▶ **Exercise data**:
——

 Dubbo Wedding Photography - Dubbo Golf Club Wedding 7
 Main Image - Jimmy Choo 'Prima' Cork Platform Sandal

——

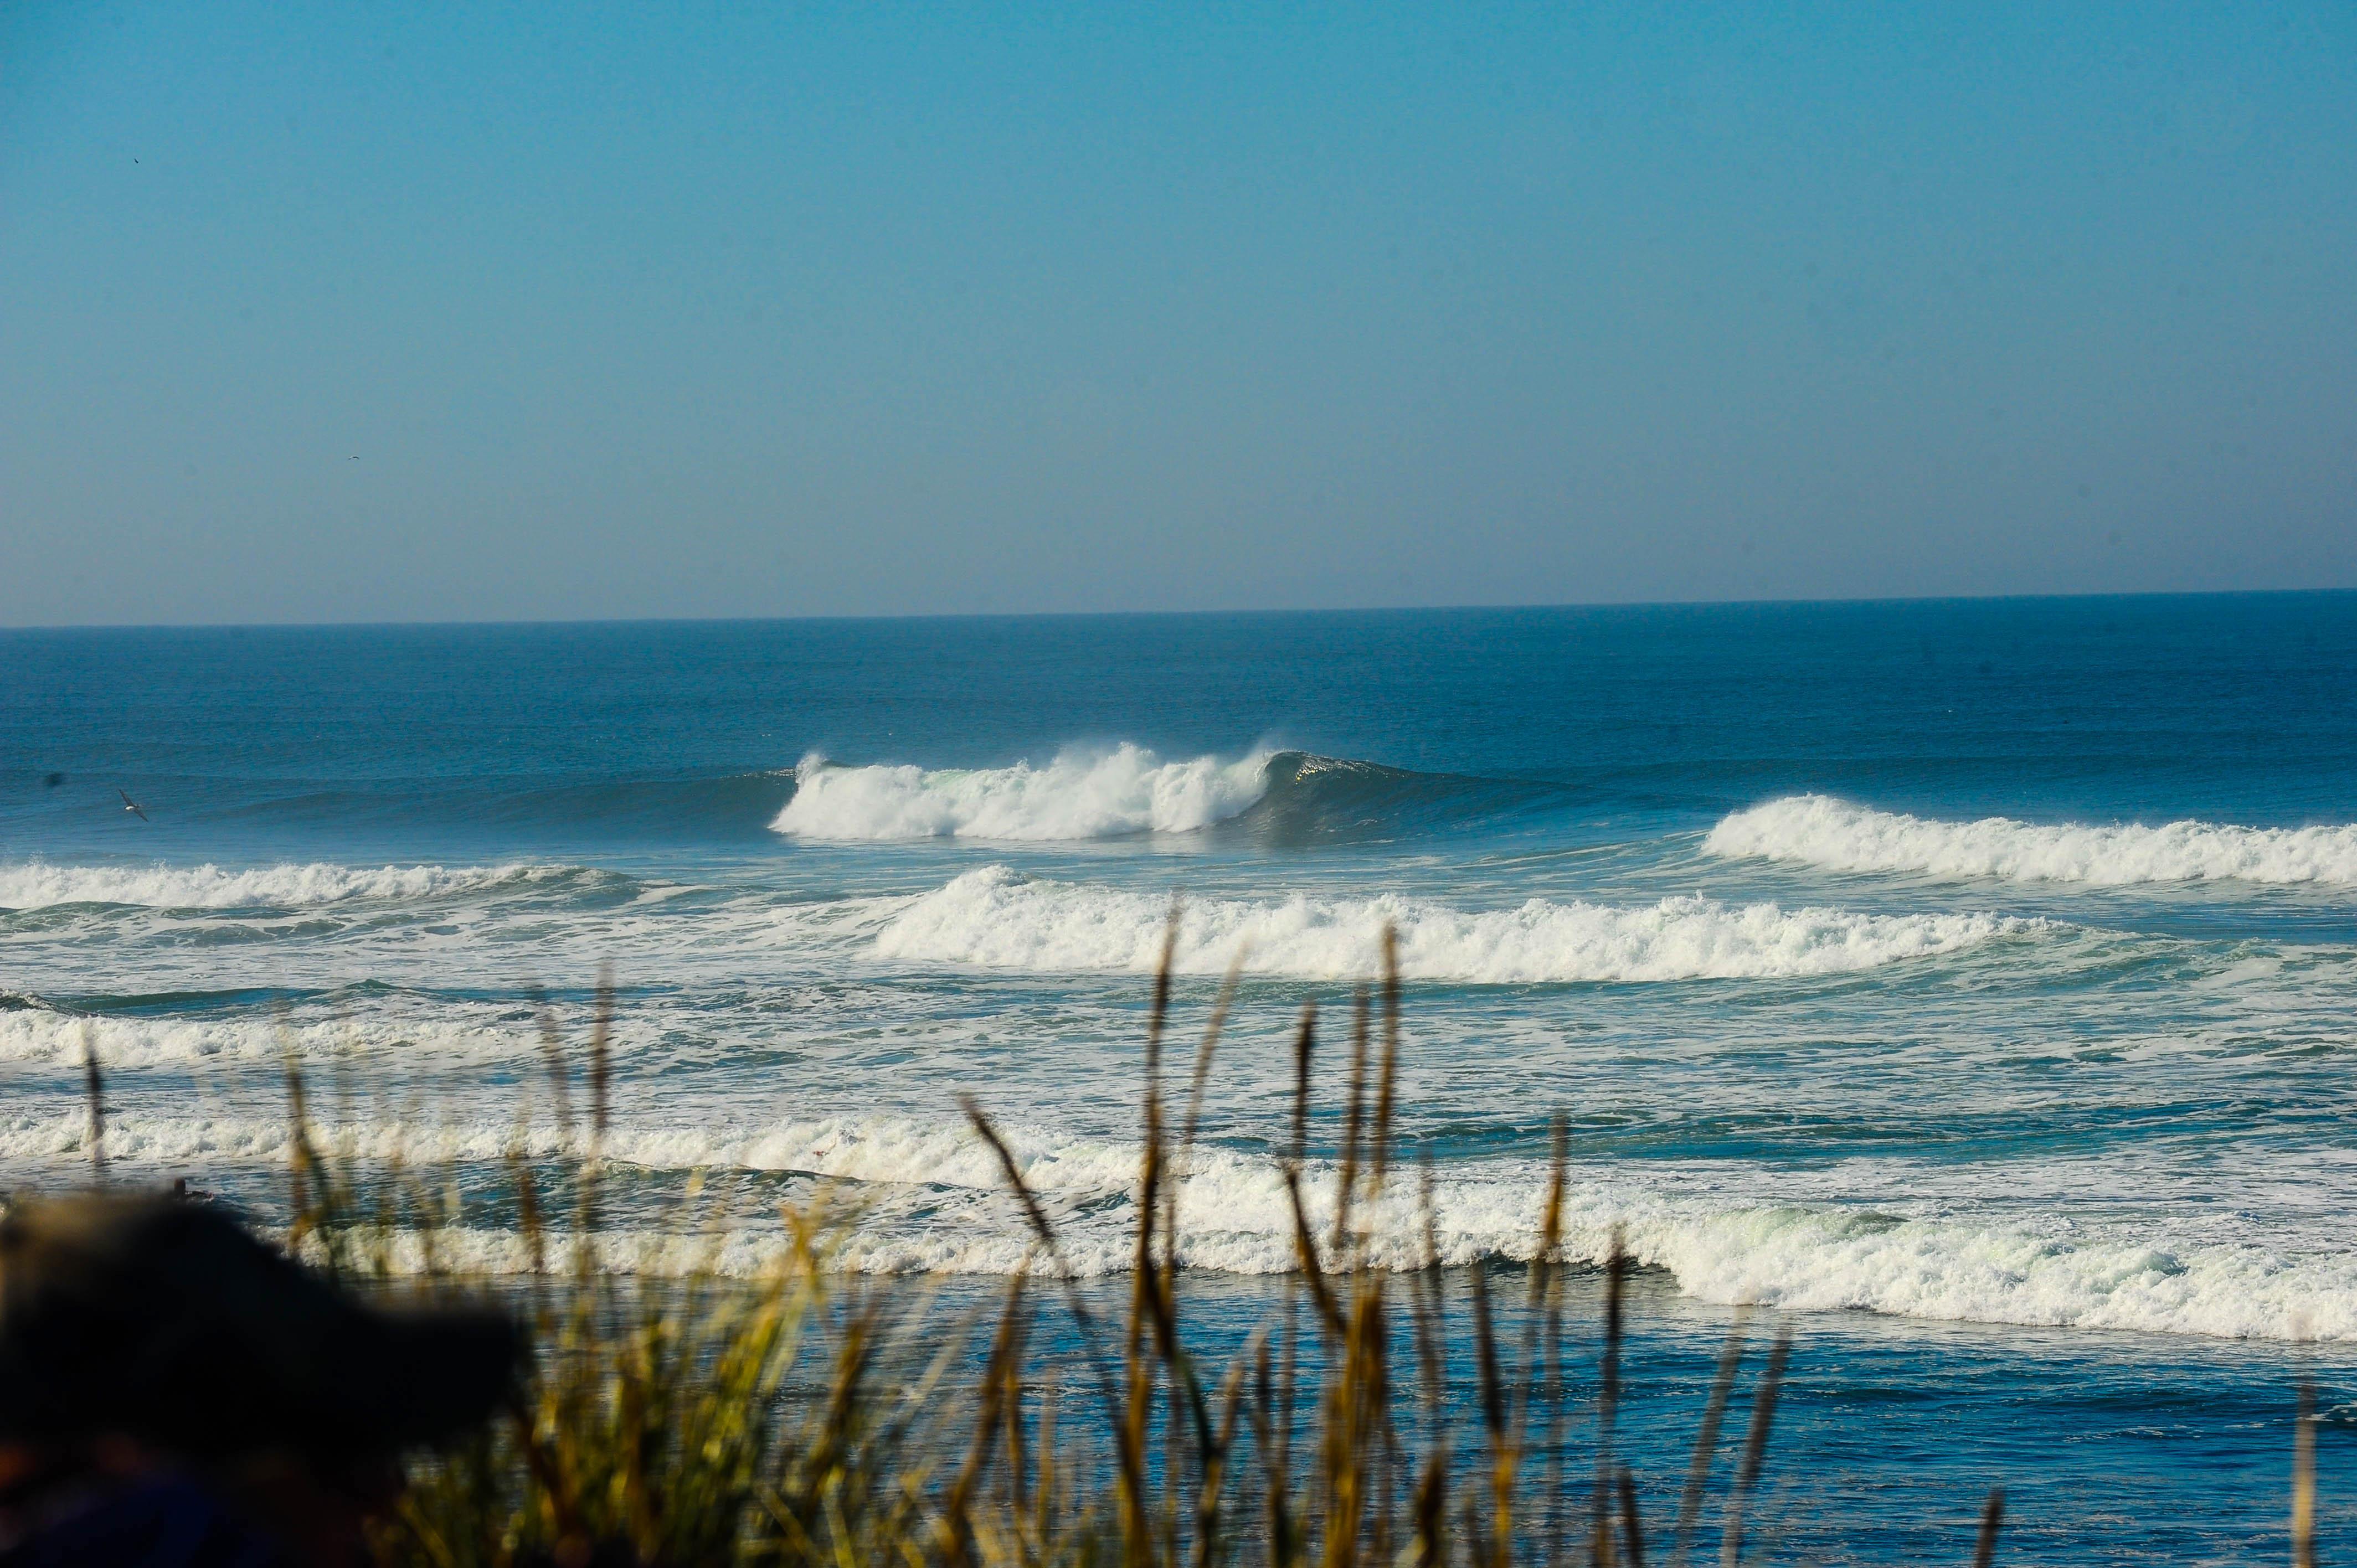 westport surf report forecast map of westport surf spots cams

——

▶ **Assigned task**:
Restate word for word the entries above from the line with "Dubbo Wedding Photography" through the line with "Main Image - Jimmy", inclusive, leaving out everything else.

▶ **Exercise solution**:
 Dubbo Wedding Photography - Dubbo Golf Club Wedding 7
 Main Image - Jimmy Choo 'Prima' Cork Platform Sandal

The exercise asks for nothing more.